Are resolvents for self-adjoint operators themselves self-adjoint?

[AxiomOfChoice]

Let T be a (possibly unbounded) self-adjoint operator on a Hilbert space \mathscr H with domain D(T), and let \lambda \in \rho(T). Then we know that (T-\lambda I)^{-1} exists as a bounded operator from \mathscr H to D(T). Question: do we also know that (T-\lambda I)^{-1} is self-adjoint? Can someone prove or give a counterexample?

 

[AxiomOfChoice]

Note: I have reason to believe this is true in the case that T is a positive operator (i.e., (Tx,x) \geq 0 for all x\in D(T)).

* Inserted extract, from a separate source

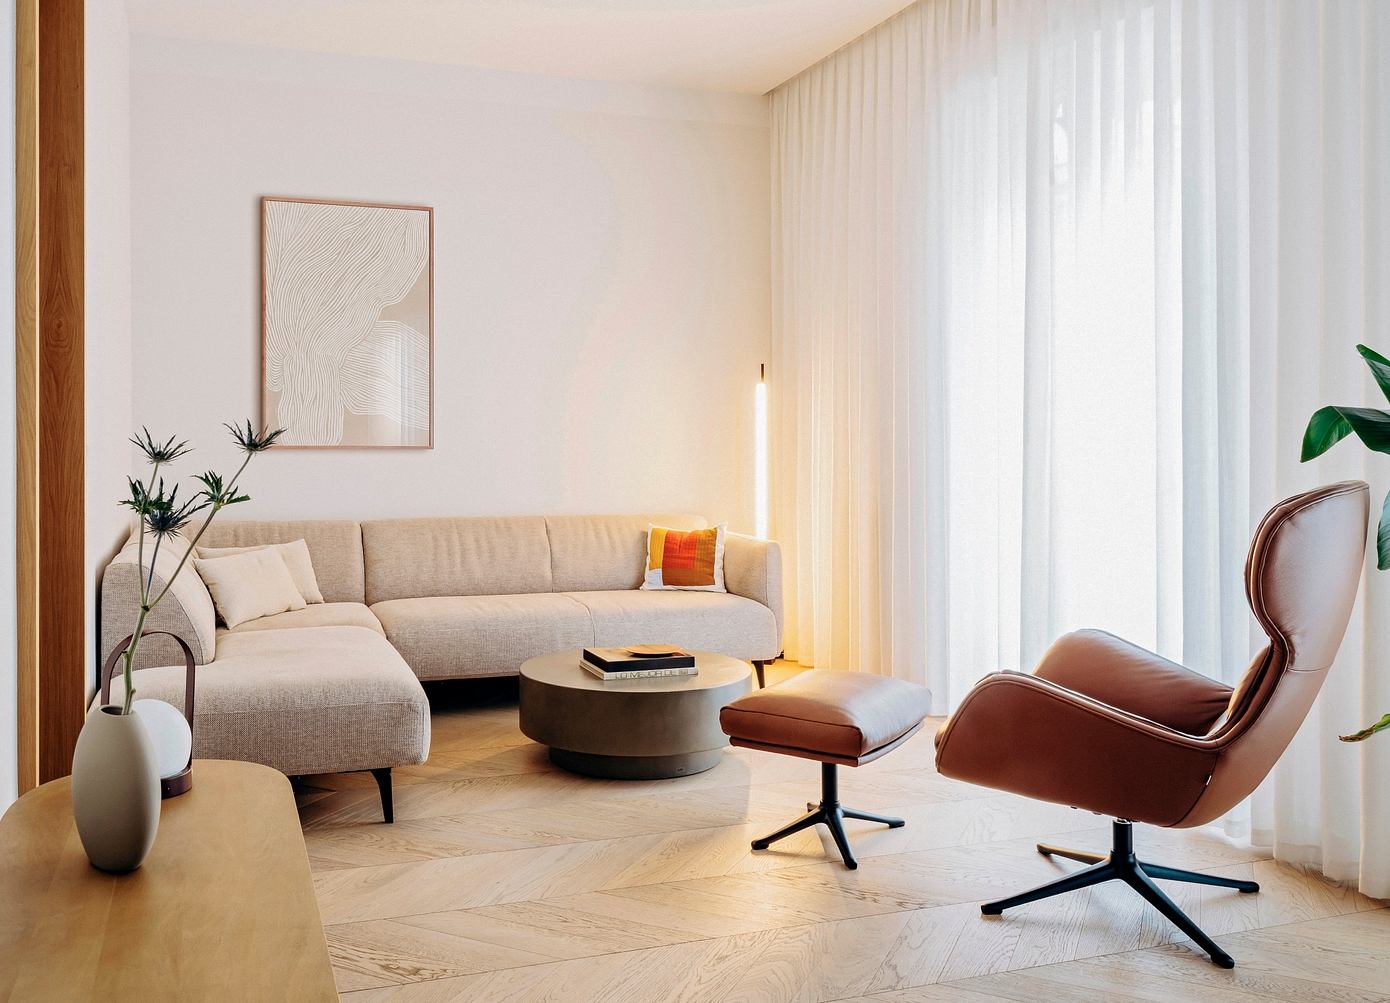 Antonio Acuña Apartment: Transforming Madrid Home with Natural Materials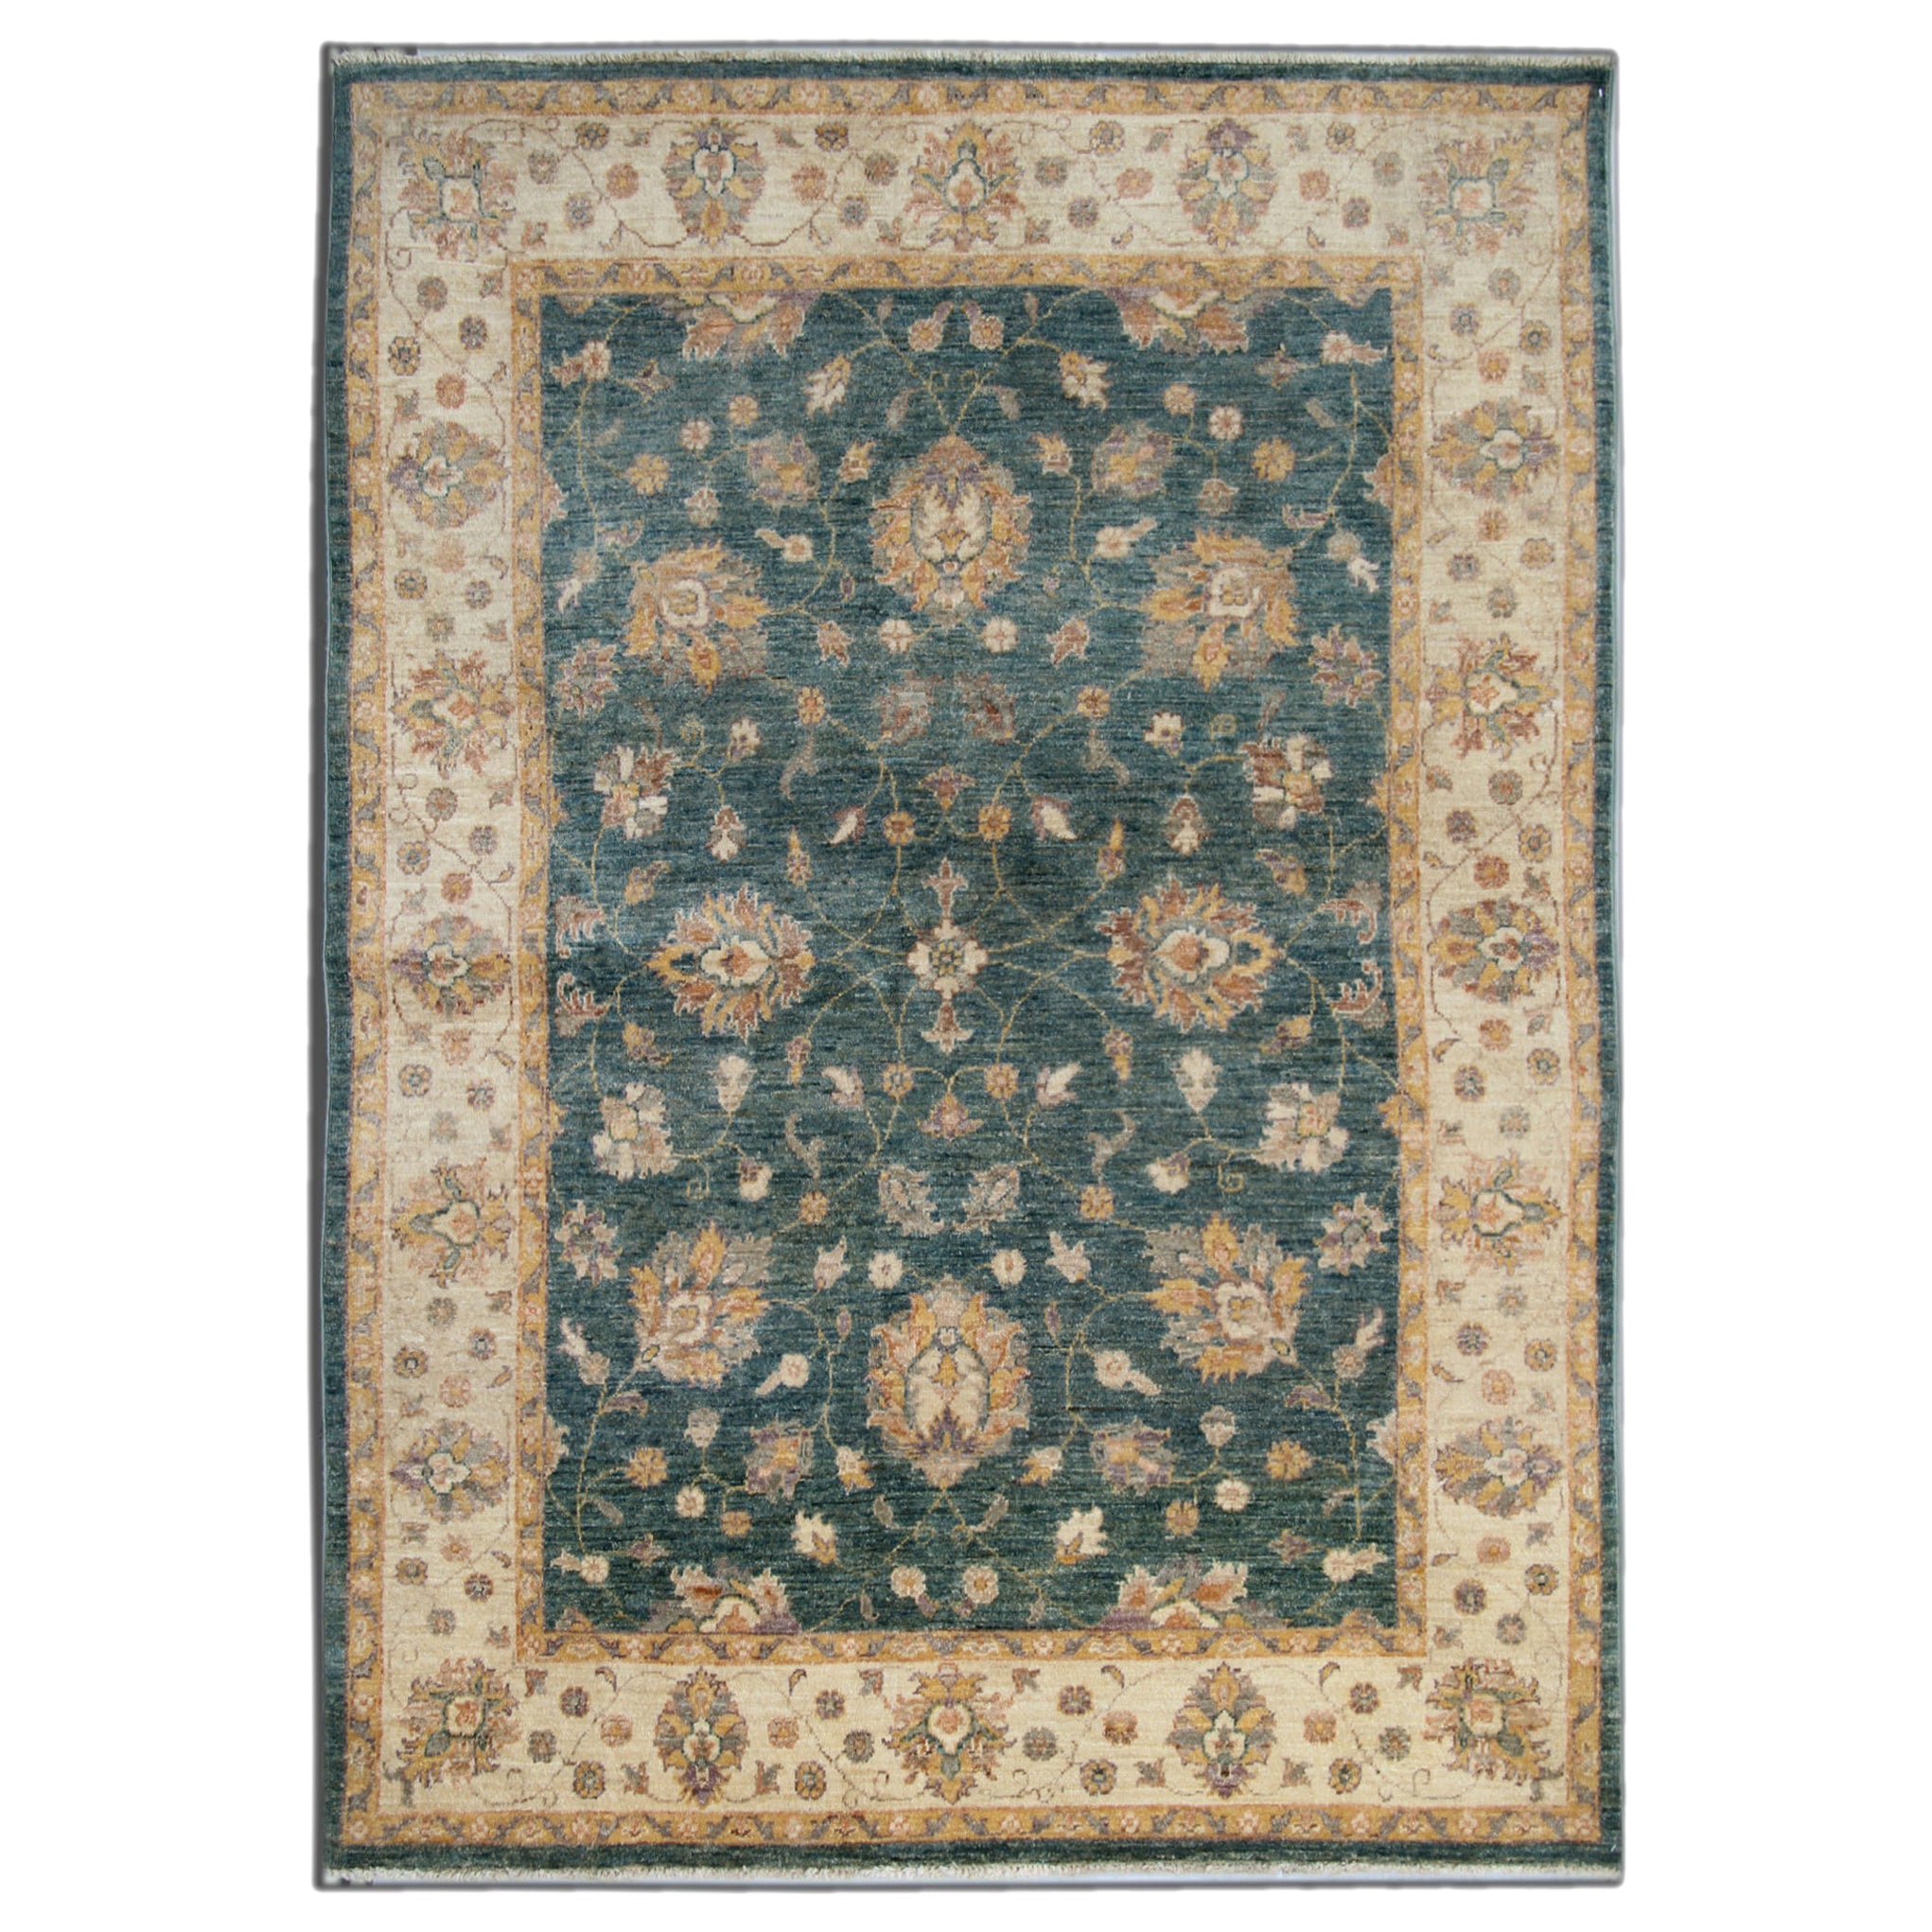 Wool Carpet Traditional Rug Floral Green Cream Wool Area Rug All Over

Whether it is true in general...well, I'm not sure!

 

[AxiomOfChoice]

I believe I have a quick and easy proof of this proposition, provided the resolvent has the form (T-\lambda I)^{-1} for \lambda \in \mathbb R. We have
<br /> \langle (T-\lambda I)^{-1}x,y \rangle = \langle x, [(T-\lambda I)^{-1}]^* y \rangle = \langle x, (T^* - \overline \lambda I)^{-1} y \rangle = \langle x, (T-\lambda I)^{-1}y \rangle,<br />
since \lambda = \overline \lambda and T^* = T by assumption. This also uses the fact that (T^*)^{-1} = (T^{-1})^* for T bounded and invertible. Now, if \lambda is complex, this argument is obviously bogus, and in fact I'm reasonably confident that it's just not true!